Wait actually yeah I do mean all of that. But I also mean this game is hard. This game will punch you in the face.
Vanquish has five difficulty settings:
Casual Auto: This setting is for stupid babies.
Casual: This setting is for regular babies.
Normal: This setting is for babies who can already grow mustaches (even the girls).
Hard: This setting is for robot babies.
God Hard: This setting has never been completed by babies.
In that spectrum you can find a setting that fits you. Casual Auto can be completed by almost anyone! Normal is a brisk and challenging experience in line with "hard" on most action games, and Hard is where things get absolutely bananas. God Hard? I'll tell you about God Hard in a minute.
These bad guys hate babies.
Remember the Konami code? It would give you thirty lives! Yeah, Vanquish has a Konami code too, and it will fucking kill you!
To use the super ultra Vanquish code, go to the title screen and rotate the right analog stick clockwise 20 times! If you hear a special sound, you just unlocked God Hard mode without having to beat the game. Lucky you.
How hard is God Hard? I'm glad you asked.
It makes Non-Stop Infinite Climax look like a joke.
Titan Mode is a walk in the park in comparison.
Master Ninja Mode doesn't even begin to compare.
Dante Must Die would kill itself if it played God Hard.
XXX Adult Mode in Viewtiful Joe suddenly looks like Softcore Adult Mode!
You'd be better off trying to get all the Platinum Medals in Blast Corps. Yeah. I went there.
God Hard is the ball-bustingest, face-slappingest challenge you can get in a game this generation. And what's more, it's completely fair, and if you die it's your own damn fault so try again you crying milksop.

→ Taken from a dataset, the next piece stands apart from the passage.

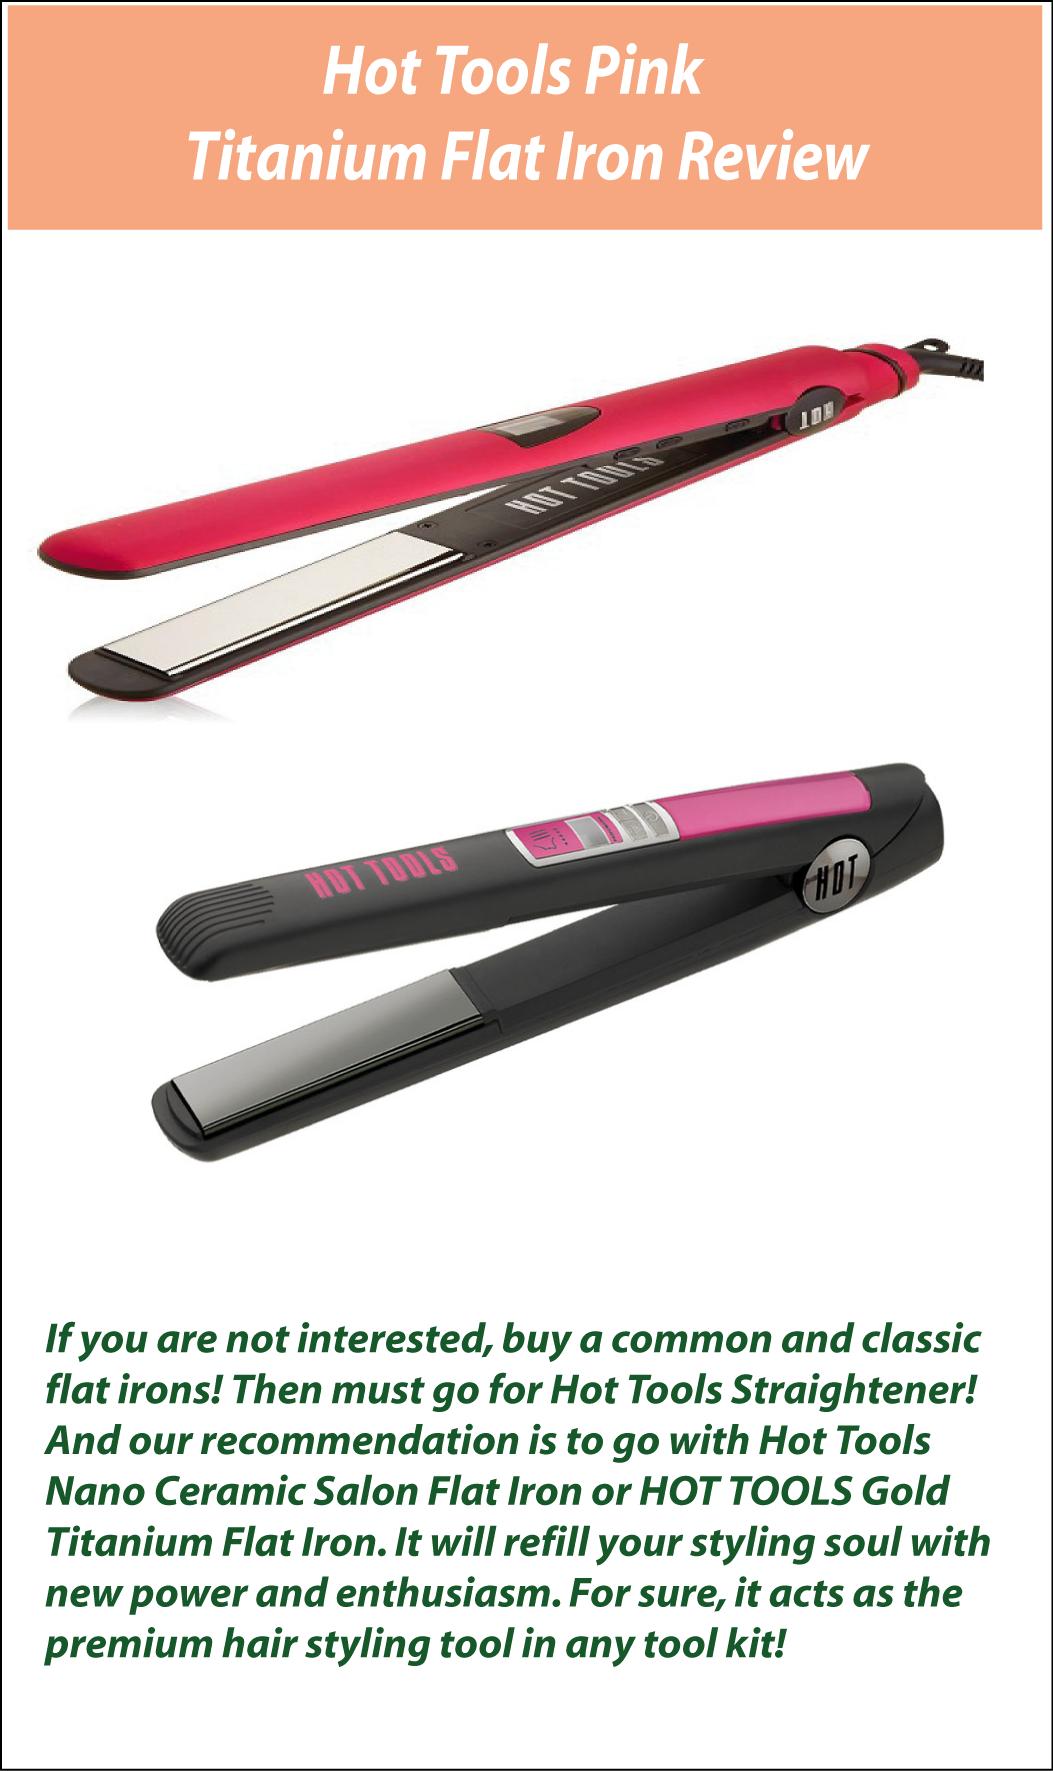 Hot Tools Pink Titanium Flat Iron Review  Titanium flat iron Flat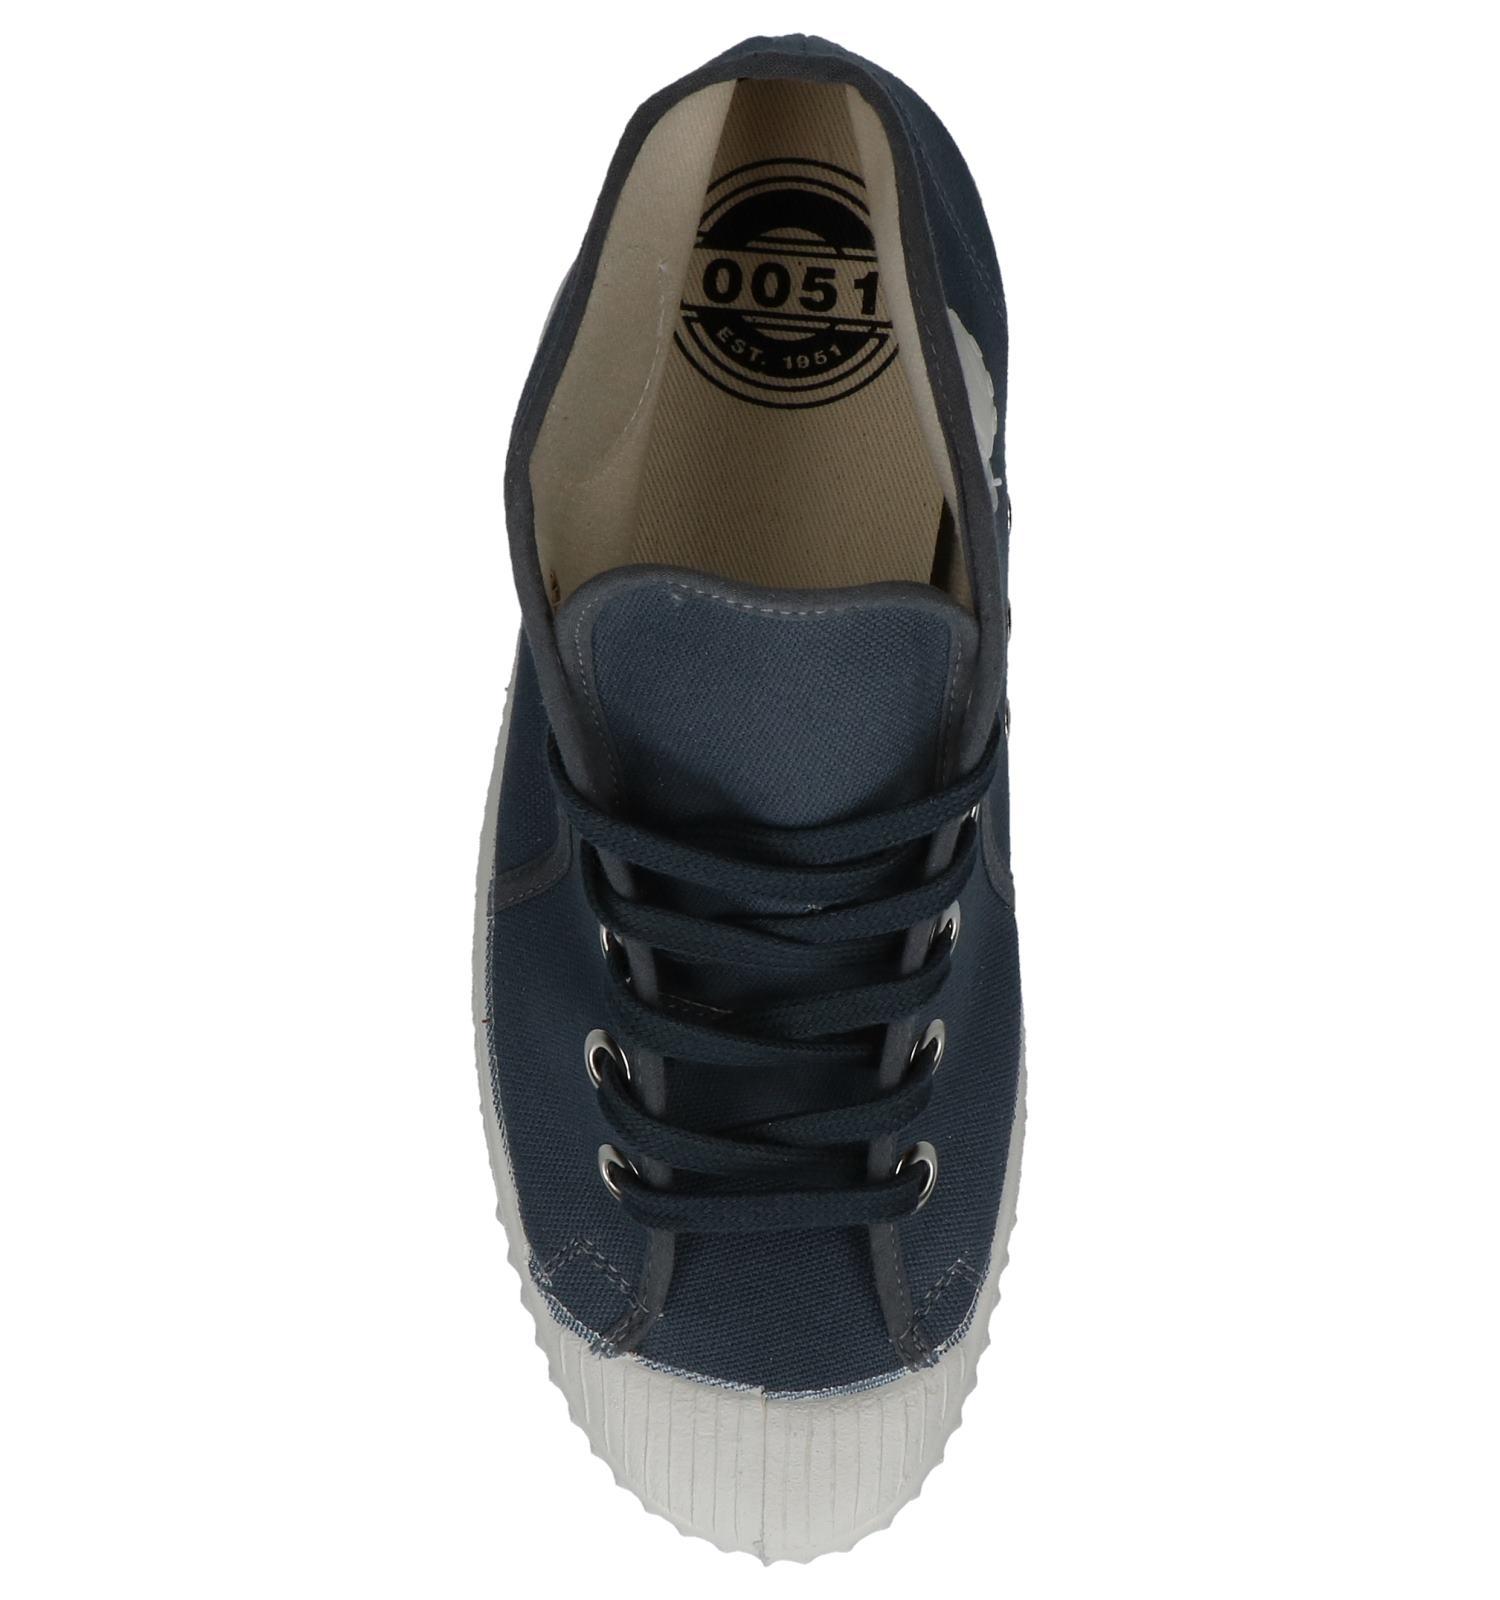 Donker Barvy Sneakers Grijze 0051 Hoge CoQxWEdBer

Oh yeah, and Vanquish has a challenge mode. How many challenges does it have? Six. This isn't much compared to Ninja Gaiden Black's FIFTY, but it will easily last you just as long.
You want to prove how tough a gamer you are? Beat Challenge 6. I've been trying for two days after taking a break of weeks, and I can't do it yet. Can you?
Seriously though, guys, let's talk about Vanquish. We can swap strategies and stuff.